Pros & Cons of Bottled Water vs. Tap Water

Bottled water is a popular beverage around the world, and consumption has grown steadily in recent years. Despite its popularity, however, bottled water is not without controversy. The type of water people consume has environmental, social, financial and health impacts. The debate between tap water and bottled water highlights the many pros and cons of each.

  1. Health

    • Bottled water is often touted as a healthy consumer choice, especially compared to sodas, juices and sugary drinks that are typically its main competition. Clever marketing by the bottled water industry has also contributed to the public perception that bottled water is cleaner and healthier than tap water. However, municipal tap water is regulated by the U.S. Environmental Protection Agency (EPA) and various state agencies, requiring cities to filter and disinfect it according to strict standards. Bottled water, on the other hand, is considered a packaged food and therefore regulated by the Food and Drug Administration (FDA). The FDA’s quality standards do not require the same stringent disinfection and testing mandated by the EPA for tap water. Furthermore, bottled water does not contain fluoride for cavity prevention as most tap water does.

    Convenience

    • One important reason consumers choose bottled water over tap water is convenience. Bottled water is packaged in lightweight plastic containers that are significantly less weighty than reusable metal or plastic bottles. Consumers can purchase bottled water when they are ready to consume it and then discard the bottle immediately afterward, thereby eliminating the need to carry it around.
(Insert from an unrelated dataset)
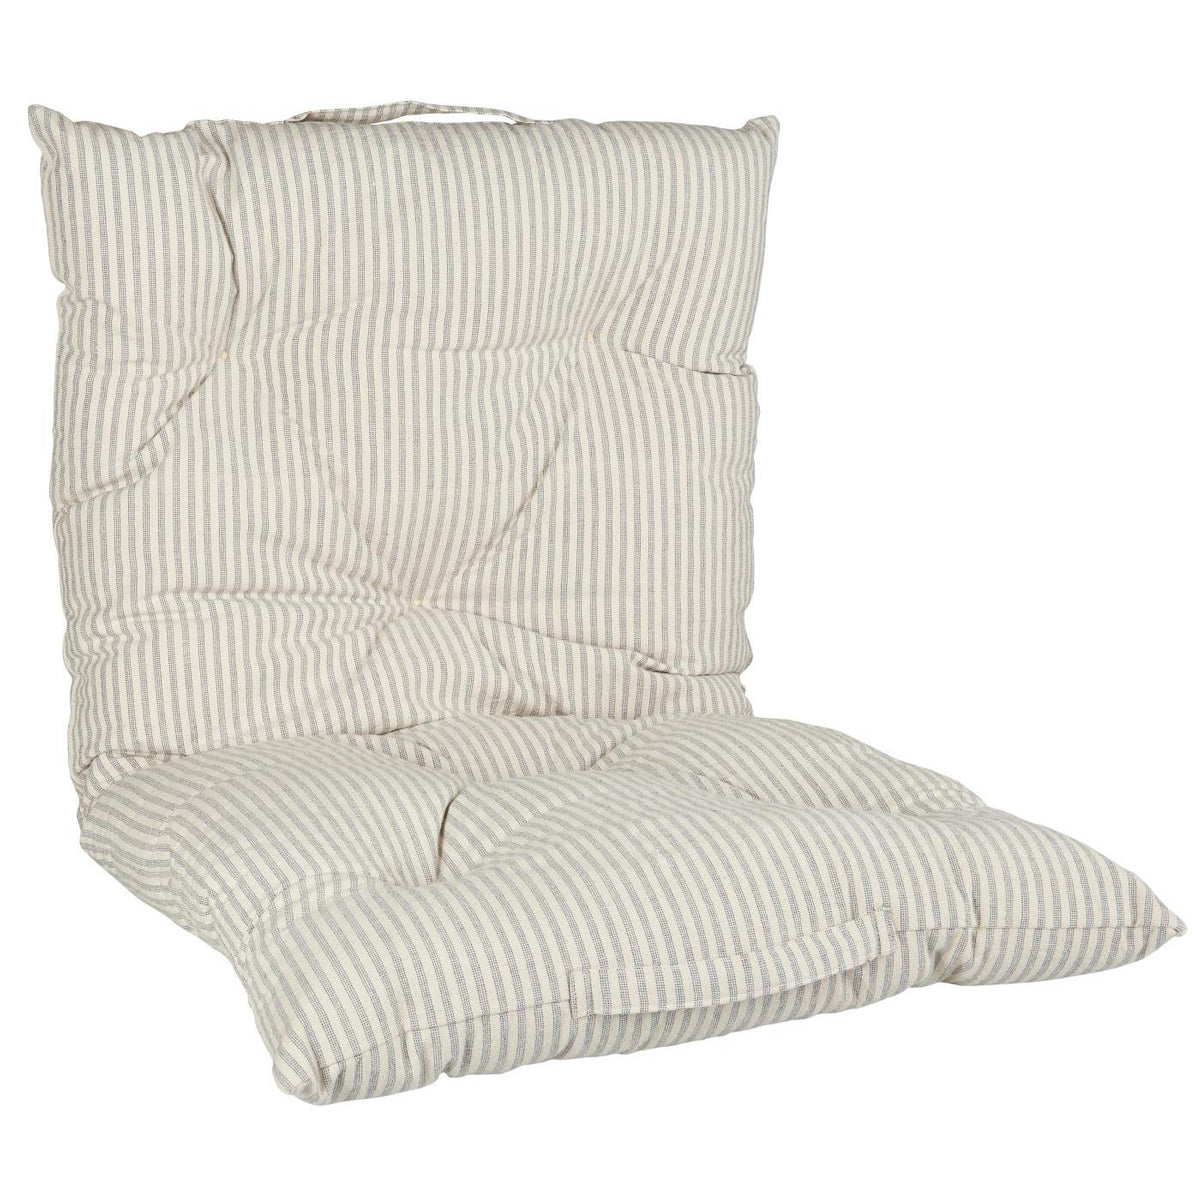 IB Laursen Mattress Cushion Asger Natural W/Thin Dusty Blue Stripes

Bottled water is also readily available from public vendors such as restaurants, convenience stores, gift shops, vending machines, newsstands and street carts, while drinking fountains or public taps are not always available or working properly.

    Environmental Impact

    • The main advantage of tap water is that it uses no packaging. Manufacturing plastic water bottles requires 1.5 million barrels of oil annually in the U.S. alone, according to the University of Iowa Extension. Additional fuel is needed to transport bottles to stores, restaurants and other points of sale. Although manufacturers have begun to design bottles that use less plastic, bottled water still requires a significant amount of plastic packaging. Fortunately, plastic water bottles are fully recyclable, which helps reduce the impact they have on the environment. Recycled bottles can be transformed into carpets, textiles, furniture and new bottles. The reality, however, is that only a small percentage end up getting recycled. Most bottles end up in landfills or in the ocean, where they can threaten the health of marine life.

    Cost

    • Bottled water can be an affordable option compared to other prepared beverages. However, it is far more expensive than tap water—as much as 10,000 times more, according to the Earth Policy Institute. This cost calculates to several times more per gallon than for gasoline. Water from public taps and drinking fountains, on the other hand, is free to the public, and residential rates are relatively low. Even in areas where water rates are increasingly expensive, tap water would have to go a long way before catching up to commercial bottled water in cost.